Given the utter lack of trust that major Celtic supporters’ groups have in the board, the culture of protest is alive and well.

In some respects, it’s a good thing; an institution as big as Celtic needs people holding the club to account at all times, and that shouldn’t stop. But what’s clear is the schism between a lot of supporters’ expectations of the club, and how it’s being run.

The Bernard Higgins situation is a clear example. That came about through hearsay and rumour, with the board – Nicholson included – refusing to speak to fans. The protests were righteous, brilliant and ultimately successful. But for a more holistic relationship and to ease tensions between camps, it’s important the club start getting this right.

The atmosphere of the AGM is something the club clearly want to avoid in the future. It was testy, combative and, for the board, a hard afternoon’s work. Celtic supporters don’t want to be angry.

Just improving the communication, allowing Celtic supporters the opportunity to be heard, and not giving stories oxygen and conjecture through silence is imperative.

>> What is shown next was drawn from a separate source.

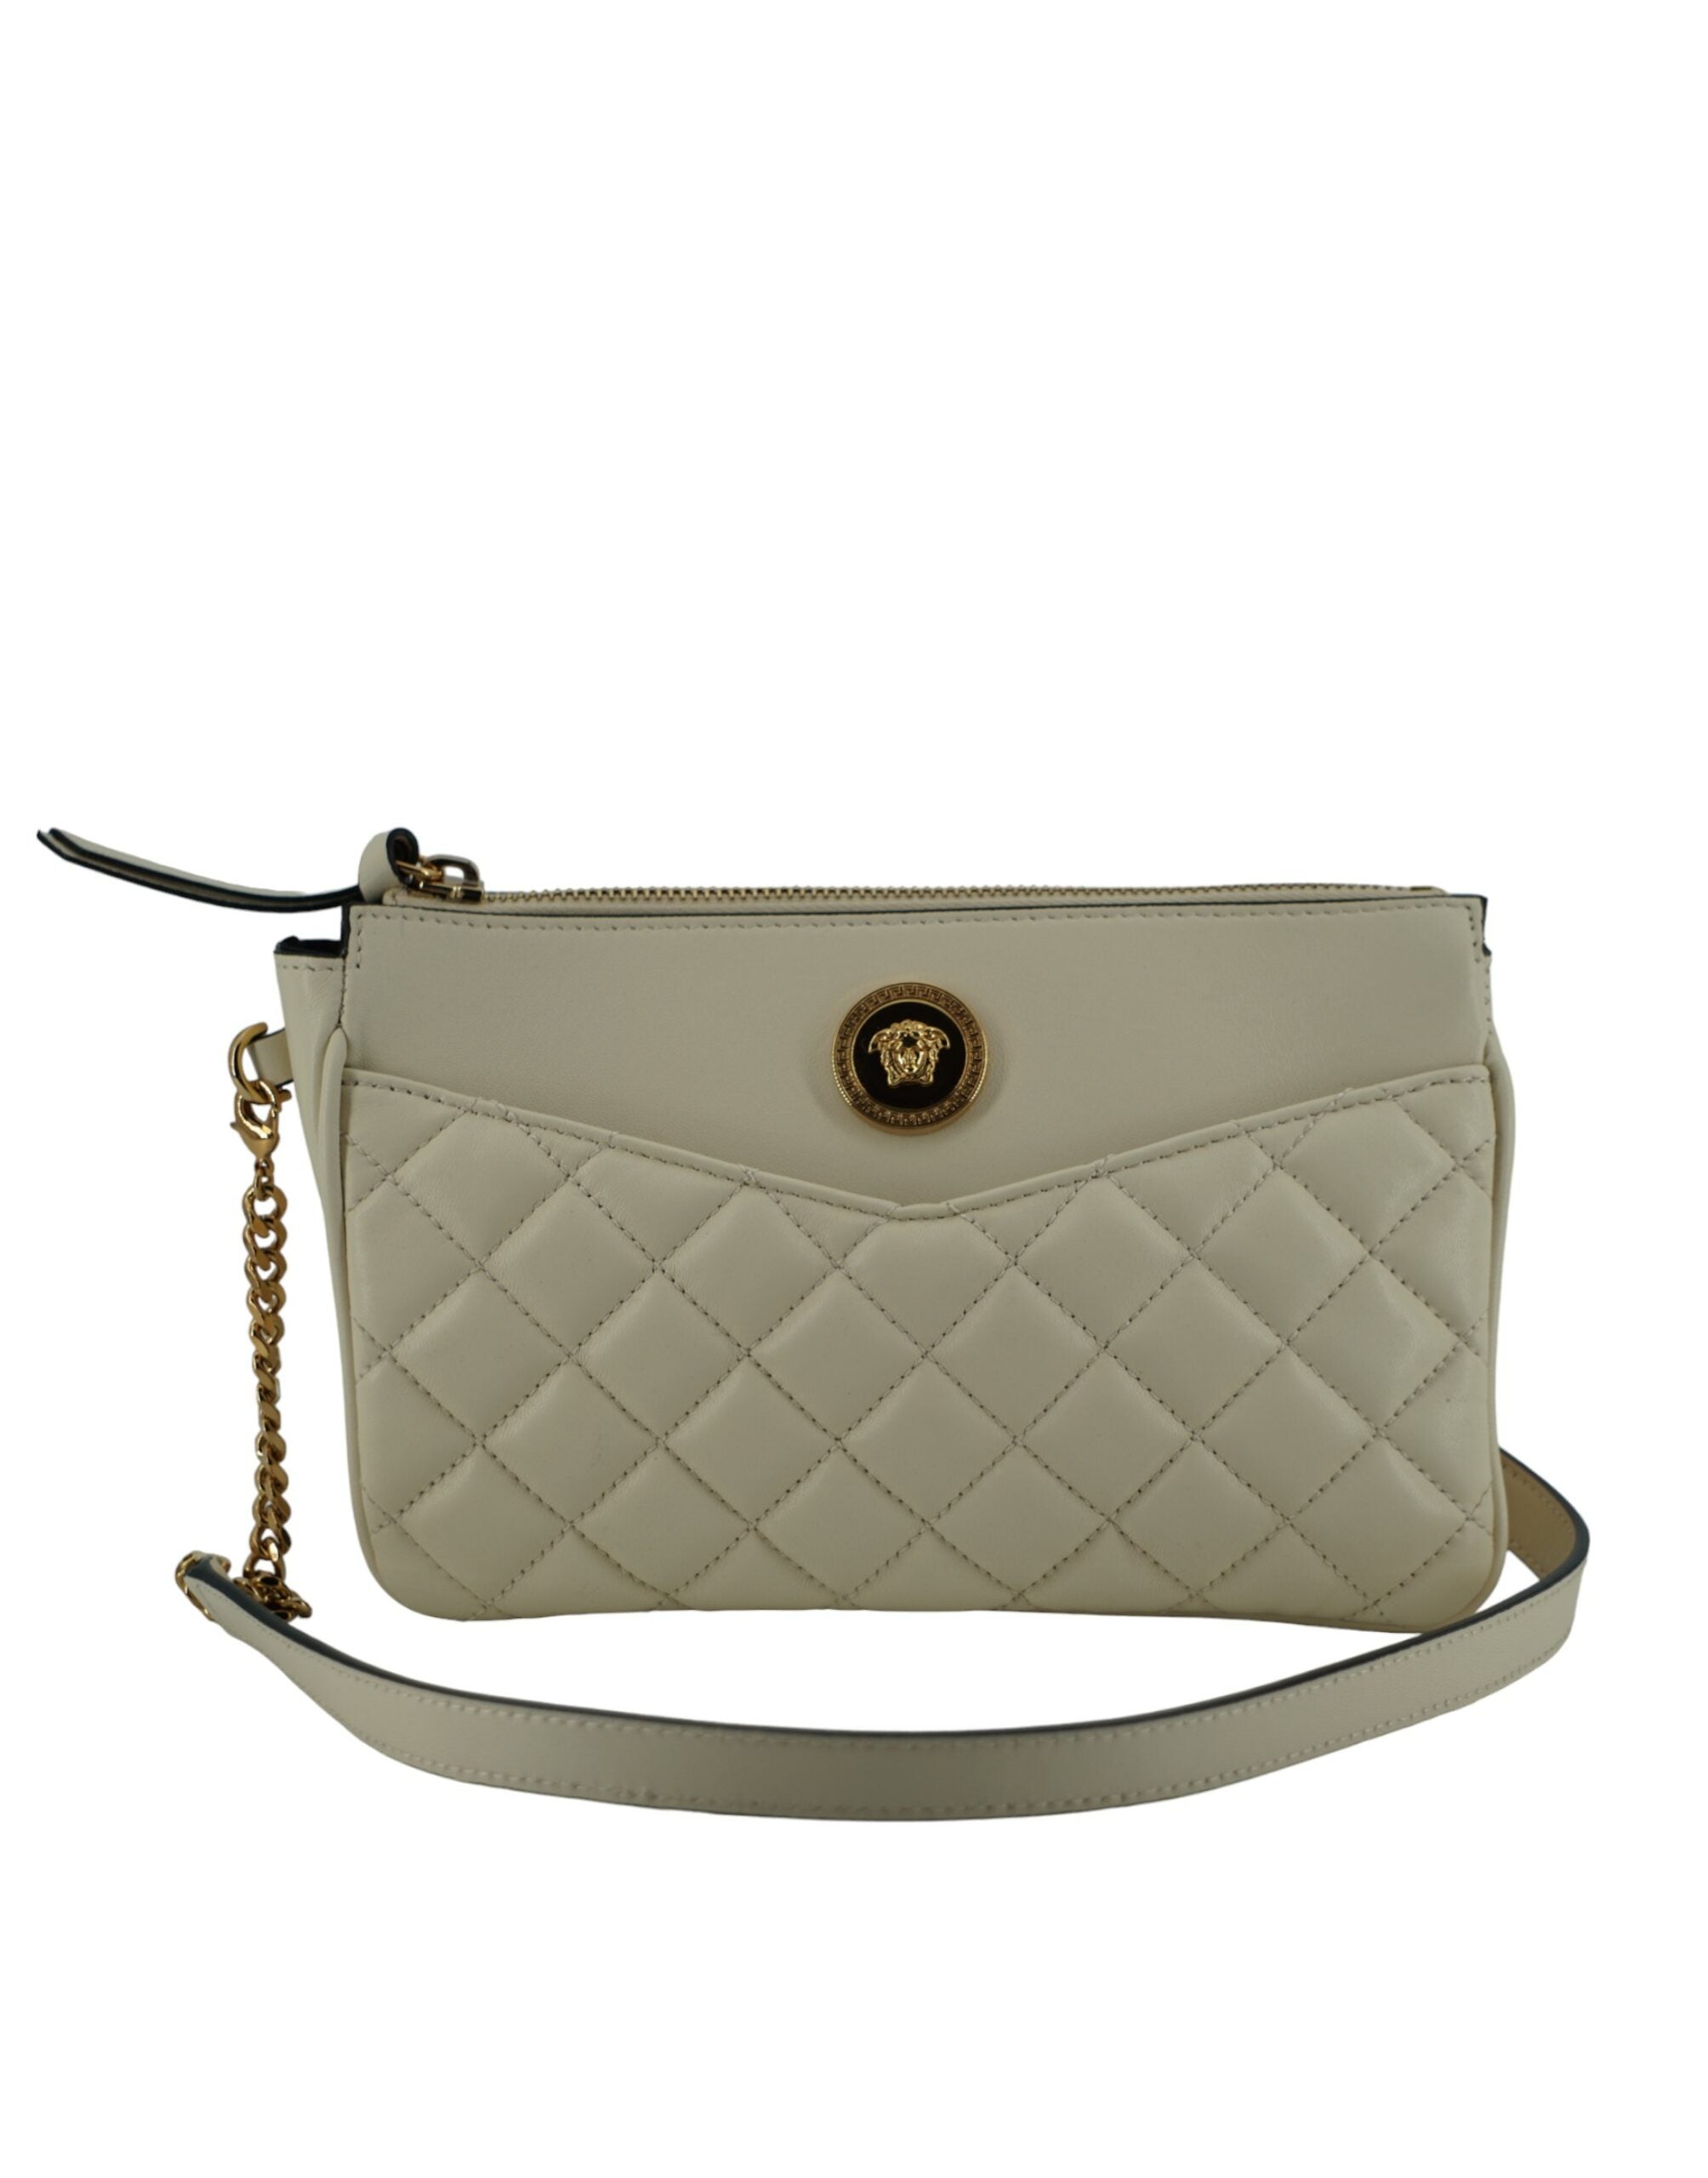 White Lamb Leather Pouch Crossbody Bag
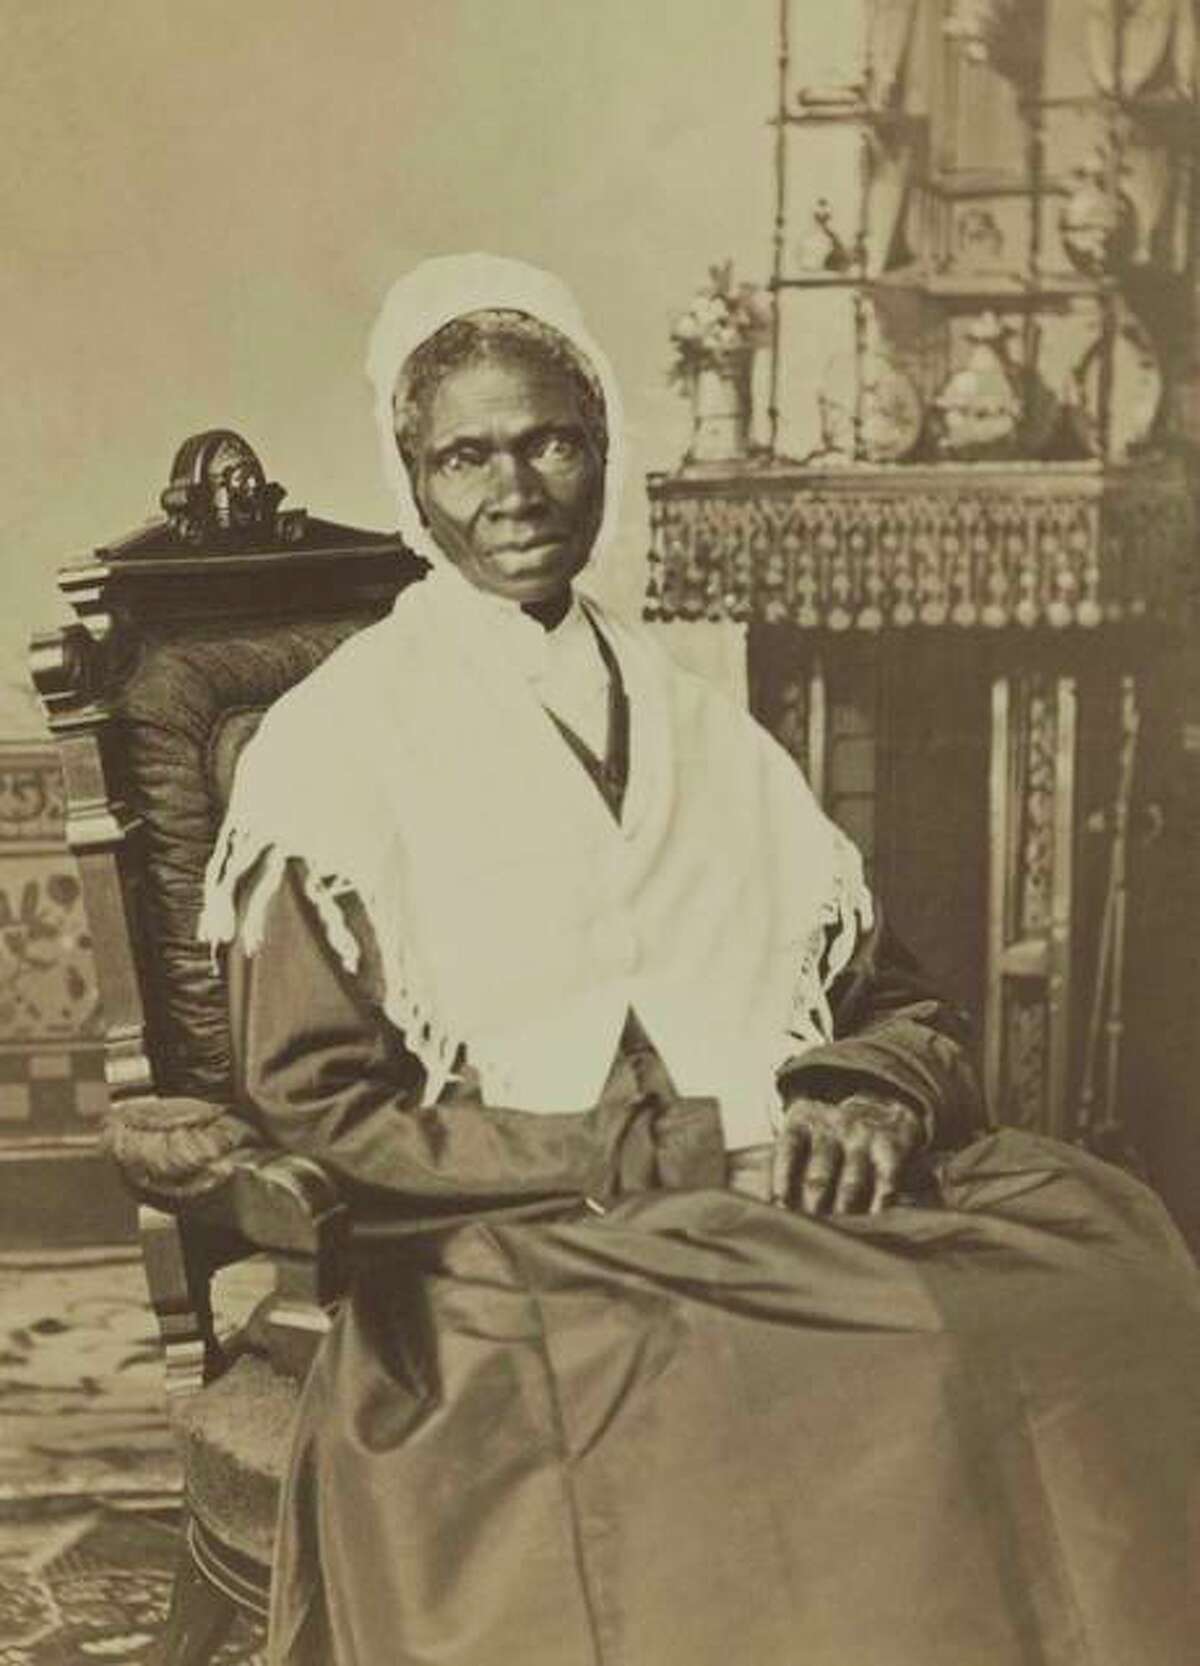 Sojourner Truth is pictured, circa 1870. An ex-slave, she preached against the cruelties of slavery and for human rights for African Americans and women. She lived in Battle Creek, Michigan.

Photo by Ian MacNicol/Getty Images

Build for the future – in a literal sense

About a month ago, Celtic got the green light to extend the facilities at Barrowfield.

Now, that excited supporters. Infrastructure can sometimes be a boring subject, but when it comes to our football club, it’s a tangible sign of the club planning for the future. We could probably stand to do more, with Celtic using Airdrie’s Penny Cars Stadium for B Team and Women’s Team games.

Now, we’re not suggesting Celtic build a multi-million pound facility here. A Celtic Park II, of sorts. But it’d be great to have access to the B Team and Women’s Team within Glasgow, and would give attendances a massive lift. It’d also provide some further legitimacy for Celtic’s funding of the Women’s Team, who are Cup Winners in their own right, and competed in the Champions League qualifiers this season.

It’d be amazing. Obviously, it’s a lot to ask, but it’s just an example. We’re already seeing Celtic building from an infrastructure point of view, and it’s encouraging. Michael Nicholson, if he wants a legacy a la Peter Lawwell and Lennoxtown, needs to think big.